Set service_name class attribute
The very first thing to do is change the class attribute service_name from ExampleService to your service name. This is how the test will know which service and blocks to load and configure. You can use your service's name or ID for this variable.
Override subscriber_topics and publisher_topics
If the service has Subscriber or Publisher blocks, override these methods to return a list of the topic names in your service. This allows your tests to publish test signals to the subscribers and to assert against the published signals from the service.
If your service uses LocalPublisher or LocalSubscriber blocks, still use the regular pub/sub topic names provided in your block config. You do not need to prepend the local identifier prefix that those blocks normally do.
Add env_vars
These service tests will not read from any of your project .env files so if you want to use some environment variables, override this method and have it return a dictionary that maps environment variable names to values.
If your service has blocks that generate signals on their own (e.g., Simulator blocks), then the service will already be running with signals when each test is entered. However, it's easier to test services when you have control over the created signals.
You can create a signal and send it from any block with:
self.notify_signals(block_name, signals)You can create a signal and publish it to a topic to notify from the matching Subscriber block(s) with:
self.publish_signals(topic, signals)Once a block processes a signal or the signal has been published from the service you can retrieve that signal.
To get the signals published on a certain topic in a service use:
self.published_signals[topic]Similarly, you can get the signals processed by a block by using self.processed_signals and the block ID. (Note that it must be the block ID, not the block name.
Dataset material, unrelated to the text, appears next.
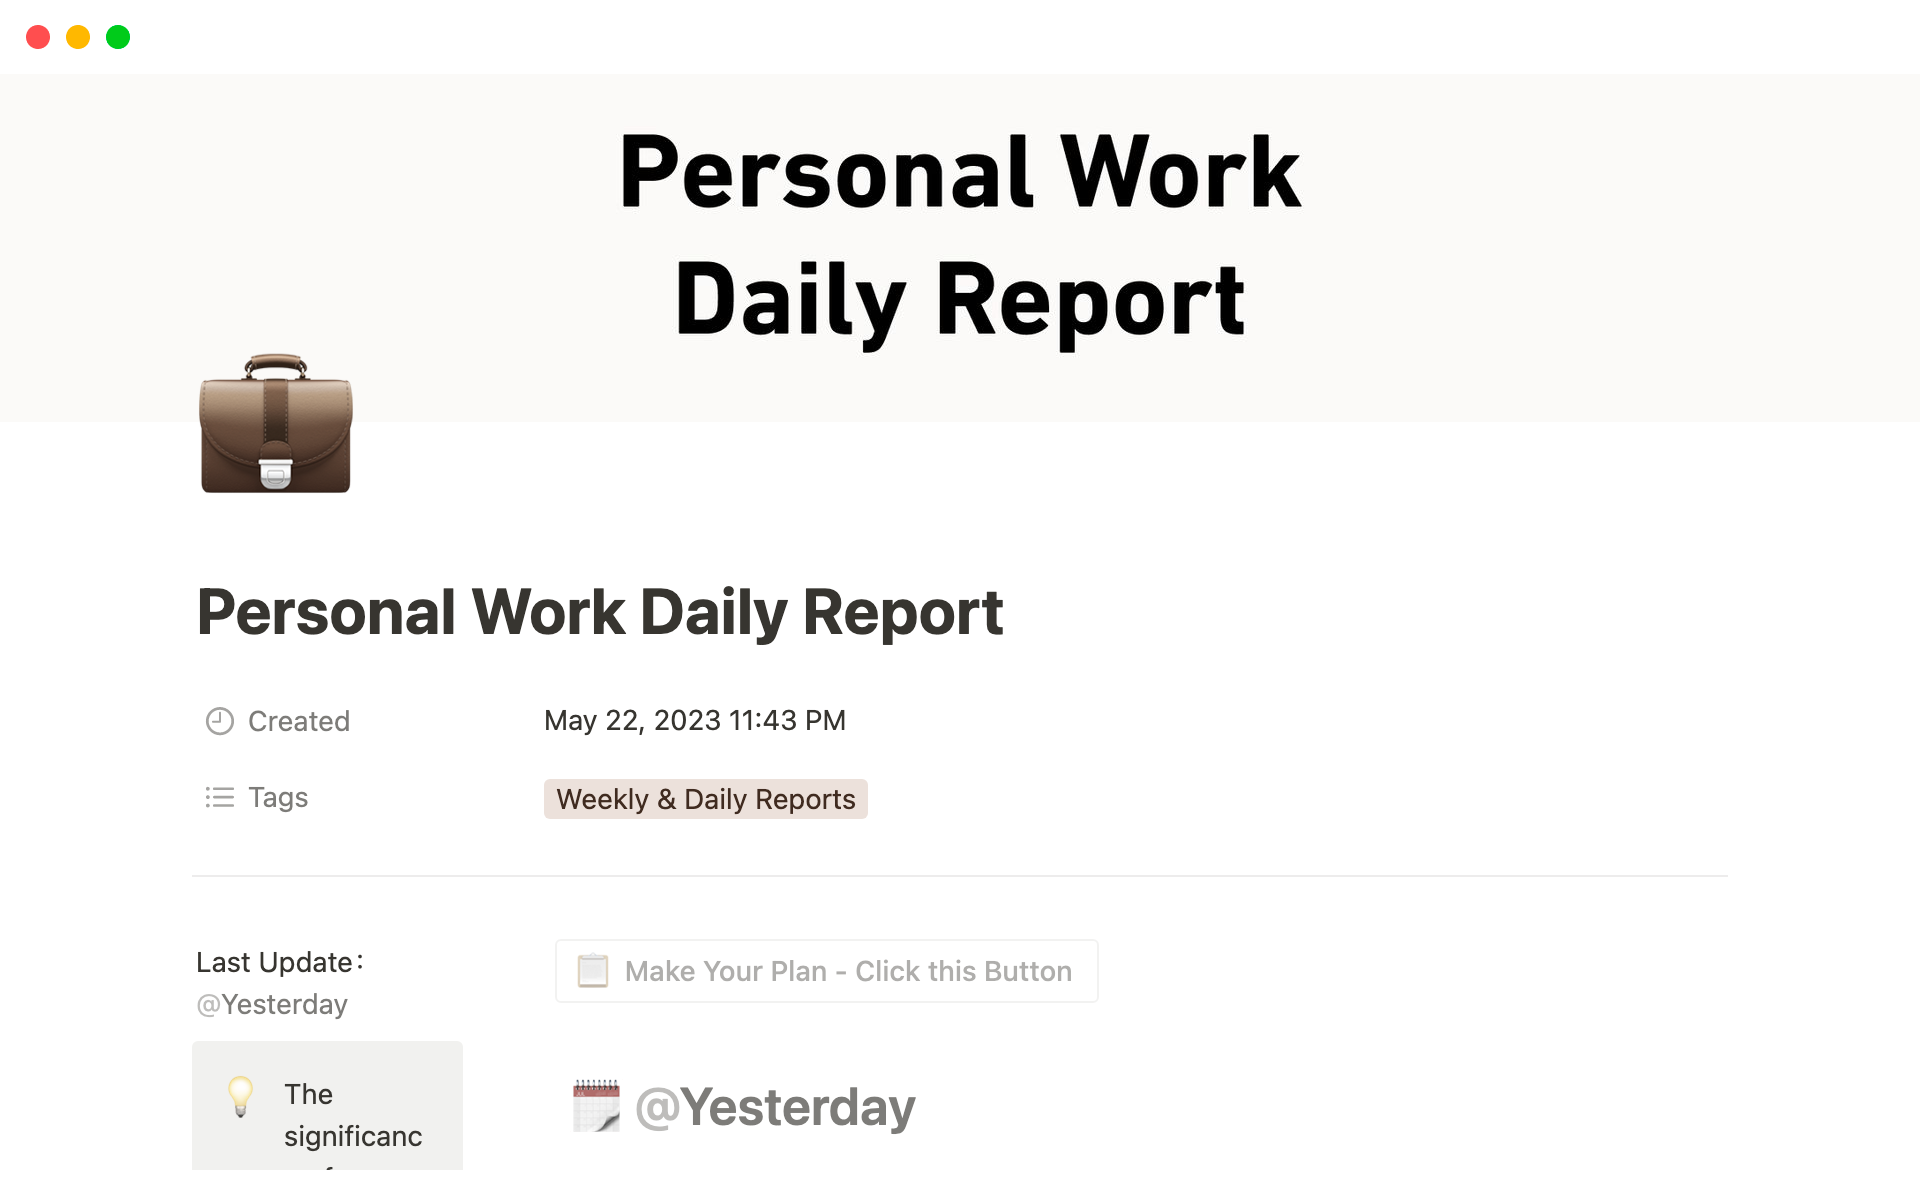 A tool to track, organize, and reflect on daily work activities, fostering productivity and goal attainment.

See the section below on block IDs vs names in service tests.)
self.processed_signals[block_id]Blocks (and services) can have an optional name along with their ID. In most methods in the service test you can provide either a block's name or ID to reference a block. You can find a block's ID by opening the block edit modal in the System Designer.
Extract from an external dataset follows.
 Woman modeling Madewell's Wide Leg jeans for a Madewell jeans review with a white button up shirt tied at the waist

If your service uses two of the same block config it is best to refer to the blocks by their IDs rather than their names in the tests. This prevents undefined behavior from selecting/targeting the wrong block.
If referencing a block in a dictionary (like self.processed_signals) you must use the block ID. The service test provides a helpful method to determine a block ID based on the name, self.get_block_id(name).
So, to get the processed signals for a block named 'blocky' you would do this:
self.processed_signals[self.get_block_id('blocky')]Most service unit tests will be structured so that you publish or emit a signal from a block at the beginning of a service and then inspect the output at the end of the service. The easiest way to make these assertions is by checking which signals the service's Publisher blocks have published.
You can assert that your service published a certain number of signals using the service's assertion helper method:
# Make sure our service published 3 signals
self.assert_num_signals_published(3)Or, for specific topics:
# Make sure we published 3 signals on the mydata.value topic
self.assert_num_signals_published(3, 'mydata.value')Instead of waiting for or depending on a service to publish signals, you can assert that a specific block has processed signals. This is useful if the termination of your service is not a publisher but some other kind of block like an API or database.
# Make sure the MyBlock block has processed 3 signals
self.assert_num_signals_processed(3, 'MyBlock')nio services are real-time and asynchronous. The service test case framework alleviates some of the common challenges that come with testing complex applications like that.
Sometimes making assertions immediately after publishing a signal into a service or block causes the assertions to fail. That is because the signal hasn't propogated through the nio service by the time you make your assertion. Rather than adding sleep in your tests or including while loops that wait for conditions, you can use the service test helper methods to wait for things to happen before making your assertions.
To wait until signals are published use the wait_for_published_signals method. This method will block until a number of signals have been published on the service.
# Wait until a signal has been published on mydata.value before asserting, but no more than 3 seconds
self.wait_for_published_signals(1, timeout=3)
self.assert(my_assert_conditions)Similarly, you can wait for blocks to process signals before proceeding in your test.
# Wait until a signal has been processed by MyBlock before asserting, but no more than 3 seconds
self.wait_for_processed_signals(1, 'MyBlock', timeout=3)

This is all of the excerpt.